Poor people value happiness more than beauty and confidence, but noble’s value self-pride and personality above all else because they believe it will bring them joy. Apart from that, nobles are adept at concealing their identities by excessive drinking and corruption. Cavendish says: The better sort of citizens, such as princes and gentry, are to be applauded in one respect, having more resources to sustain their debaucheries than peasants do, who are for the most part intoxicated at their departing (107). The quote demonstrates how nobles can have more of anything, including drinking, since they have an infinite fortune. As a result, two groups of people have different perspectives on happiness.

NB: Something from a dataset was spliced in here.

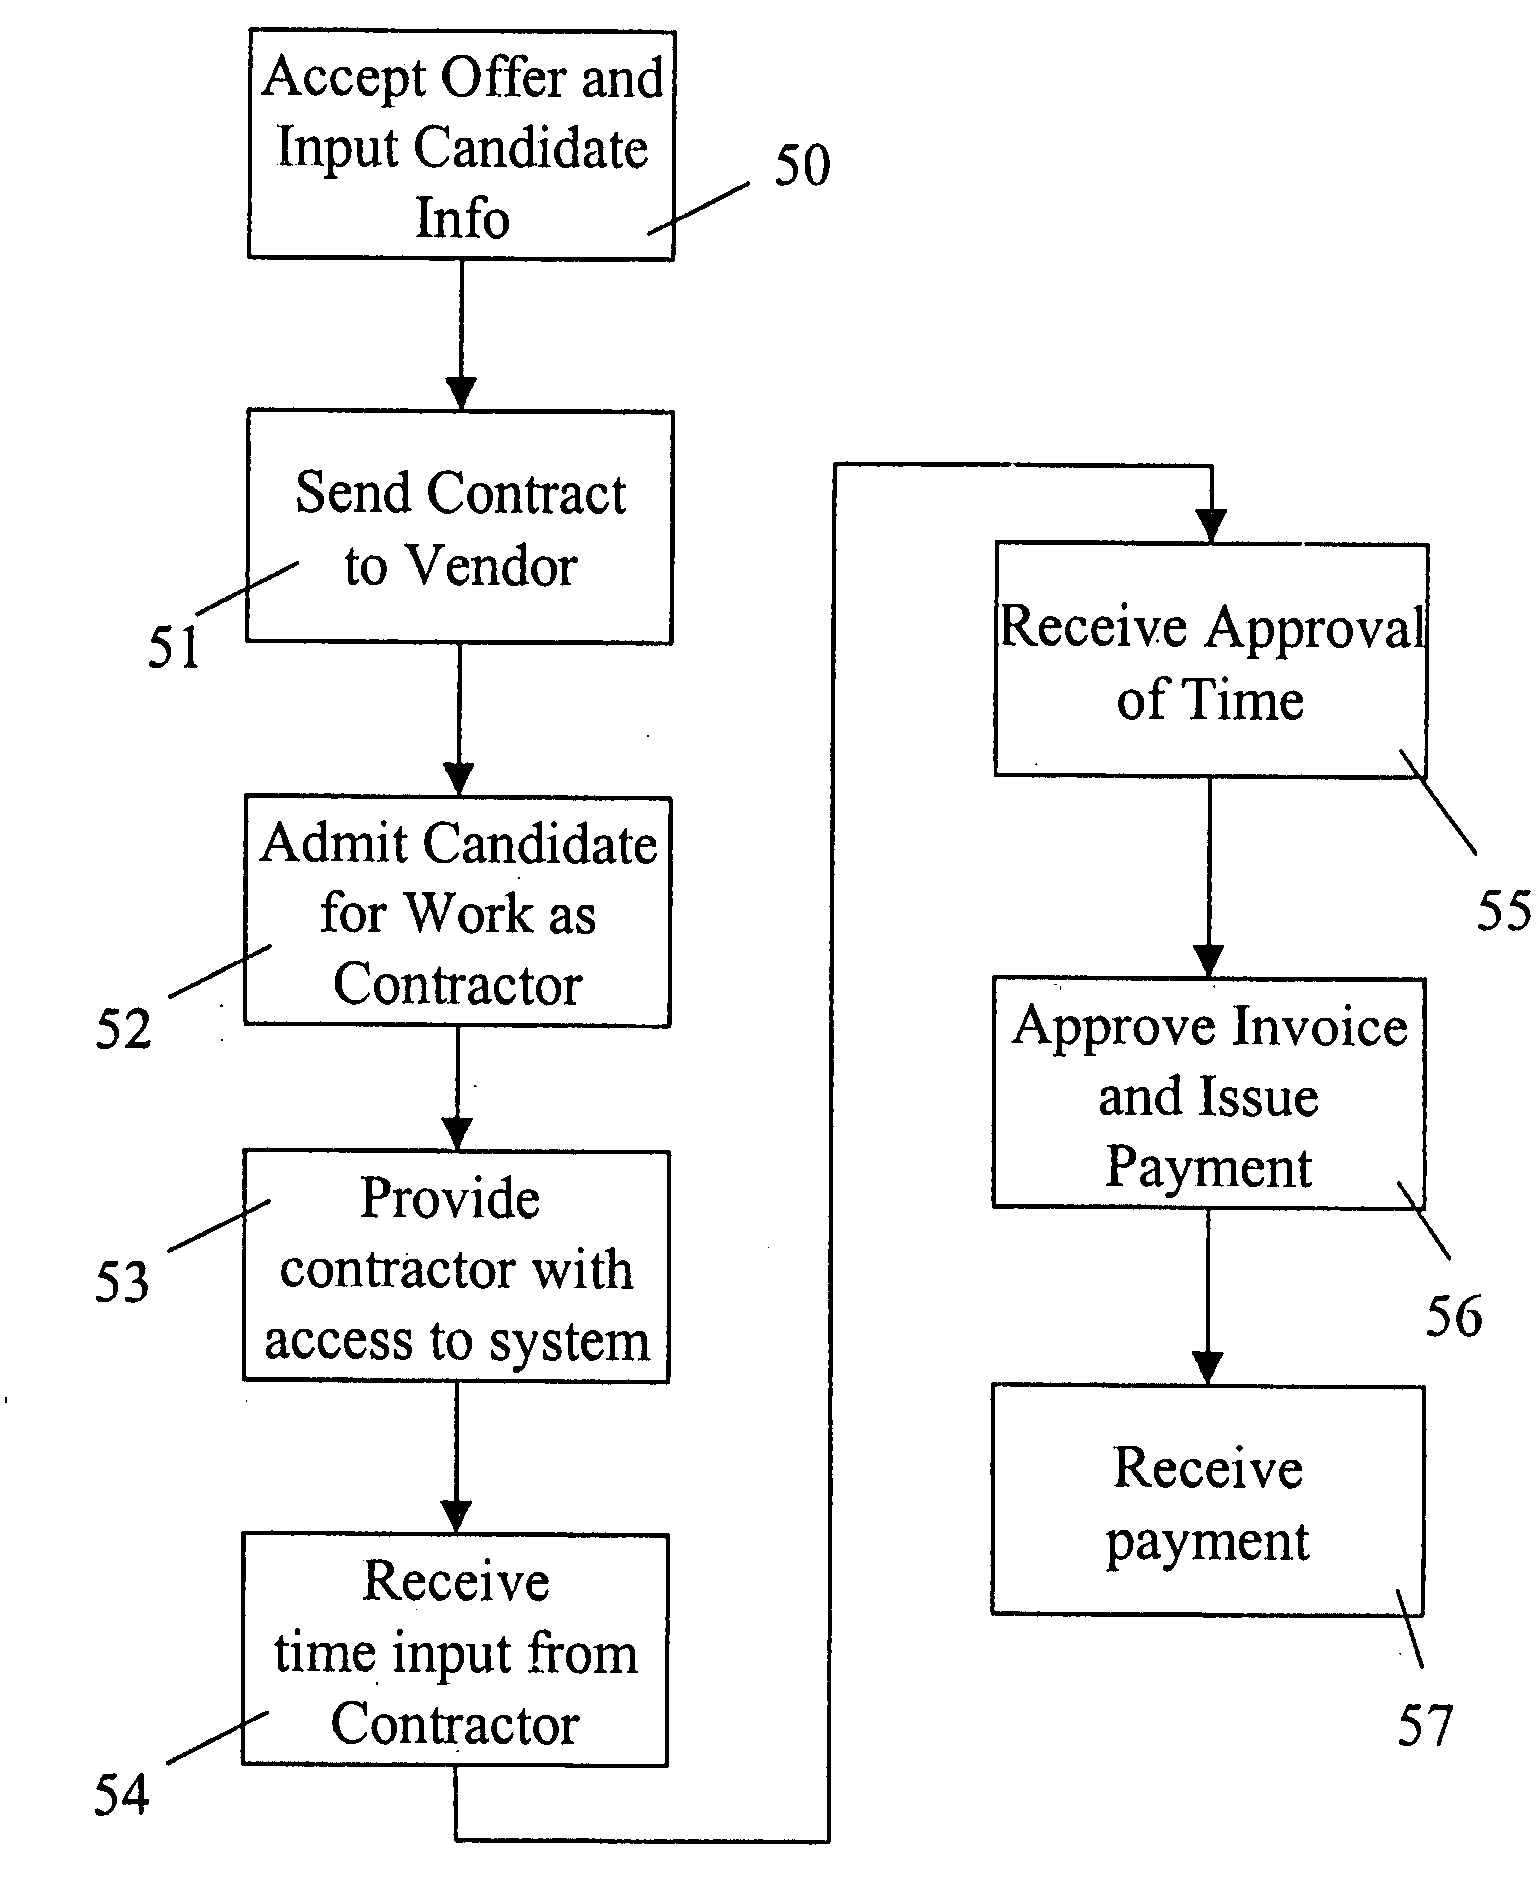 System and method for managing numerous facets of a work relationship

In the end, Cavendish demonstrates the true happiness gap between the upper and lower classes, demonstrating that nobles care about their beauty and are jealous of each other. In contrast, peasants care about the people surrounding them. She assumes, however, that “happiness exists not in external display or concourse, but indulgently in the mind” after everything she has said about the happiness of two groups (108). People’s happiness can come from their inner thoughts and feelings rather than from their surroundings. Nobles will be exhausted and depressed because they are concerned with the external appearance and what society thinks about them. Cavendish adds, “I am not a fit judge for the various kinds of degrees, or courses of lives or acts of mankind, as to determine which is the happiest,” (108). She asks who she is to judge happiness or who is happier after a long letter about Cavendish’s thinking or nobles’ views on peasants’ happiness. Since people cannot see happiness from the outside, they can appear happy when they are really sad.
Work Cited
Cavendish, Margaret. Sociable letters. Broadview Press, 2004.
Sarasohn, Lisa T. “8 The Role of Honour in the Life of William Cavendish and the Philosophy of Thomas Hobbes.” Authority, Authorship and Aristocratic Identity in Seventeenth-Century England. Brill, 2017. 196-215.